日本中近世史史料講読で可をとろう

ただし、当ブログは高等教育課程における日本史史料講読の単位修得を保証するものではありません

日本中近世史料を中心に濫読・少読・粗読し、各史料にはできるだけ古文書学に倣い表題をつけ
史料講読で「可」を目指す初学者レベルの歴史学徒として史料を読んでいきます

「人国記」より「備後国国民性」を読む

 

あるCMが頭から離れない。広島県東部にあたる国名を連呼するあれだ。その地域の方も使うのだろうか。
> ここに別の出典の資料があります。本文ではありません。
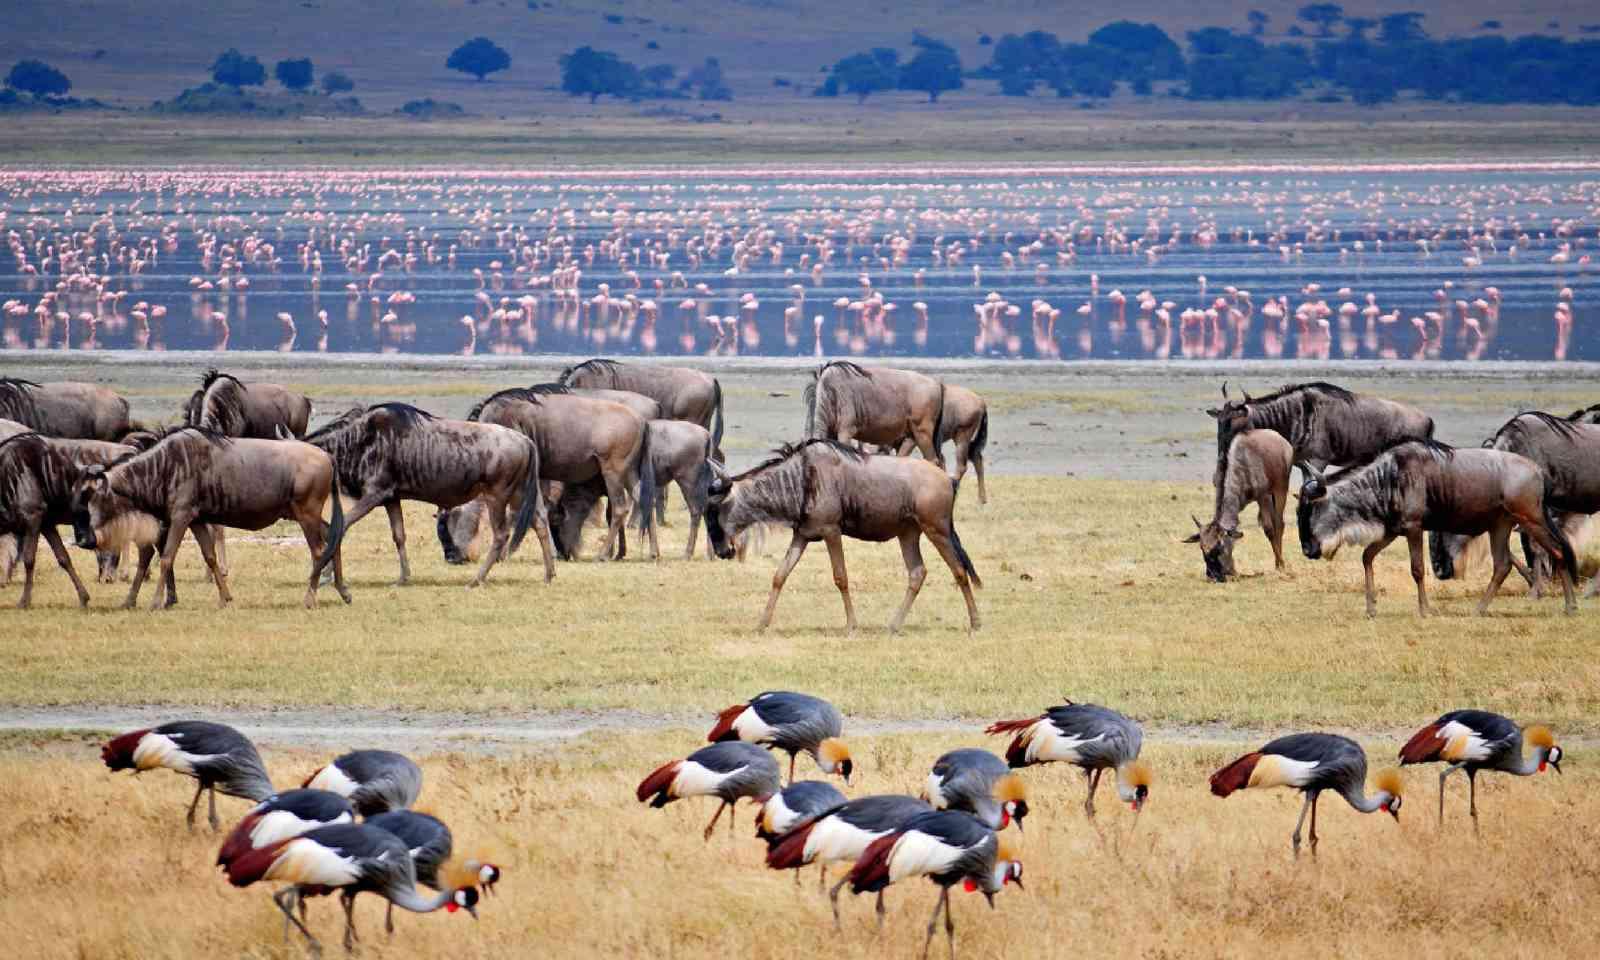 Wildebeest migration (Shutterstock)
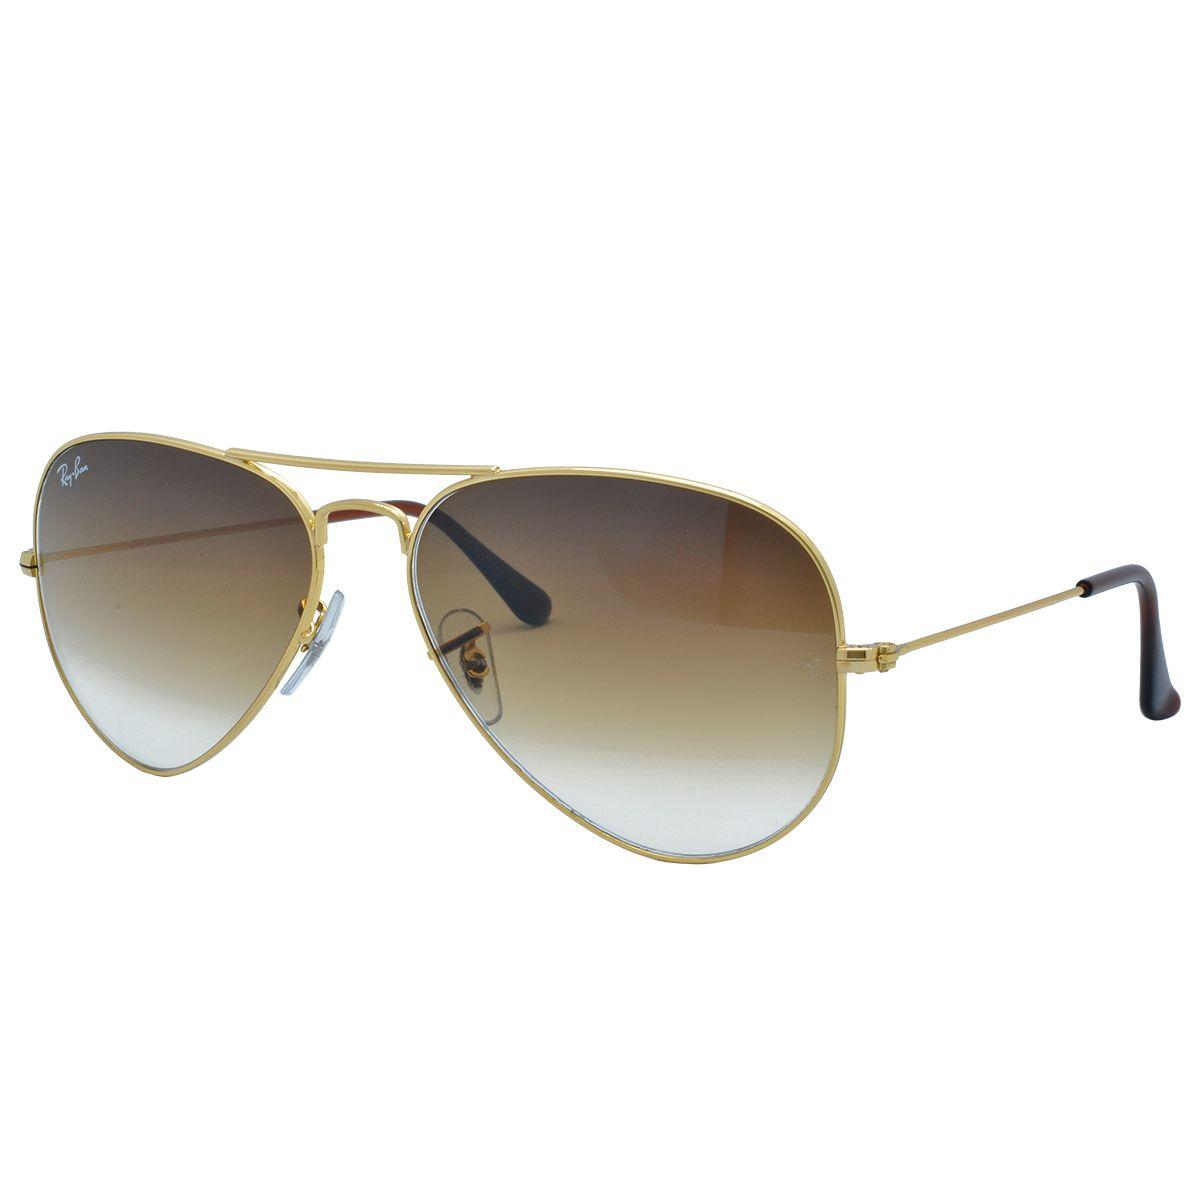 49ac5b1749379 Óculos de Sol Ray Ban Feminino Aviador RB3025L C001 51 - Metal Dourado,  Lente Marrom Degradê R  559,00 à vista. Adicionar à sacola

駅名は落合、庄原、西条、赤坂など多数あるので混同しないのだろうか。疑問は尽きない。

 

備後の国の風俗は、人の気実儀*1にして、一度約をしたる事は変改すること鮮(すくな)し。然れども愚癡*2なること多き故、不実なる事をも弁(わきま)へずして請け合ひ、終に悪名*3を取ること多かるべきなり。大体は西備中の風俗なり。武士の風儀もかくの如し。

        浅野建二校訂『人国記・新人国記』岩波文庫、75~76頁

 

備後の住民は誠意のある人が多く、一度約束したらそれを違えることは少ないと持ち上げる一方で、愚かで実現できるかどうかあやしいことも安請け合いをし、結局評判を悪くする、と述べている。

 

毀誉褒貶は時代を問わないということなのだろう。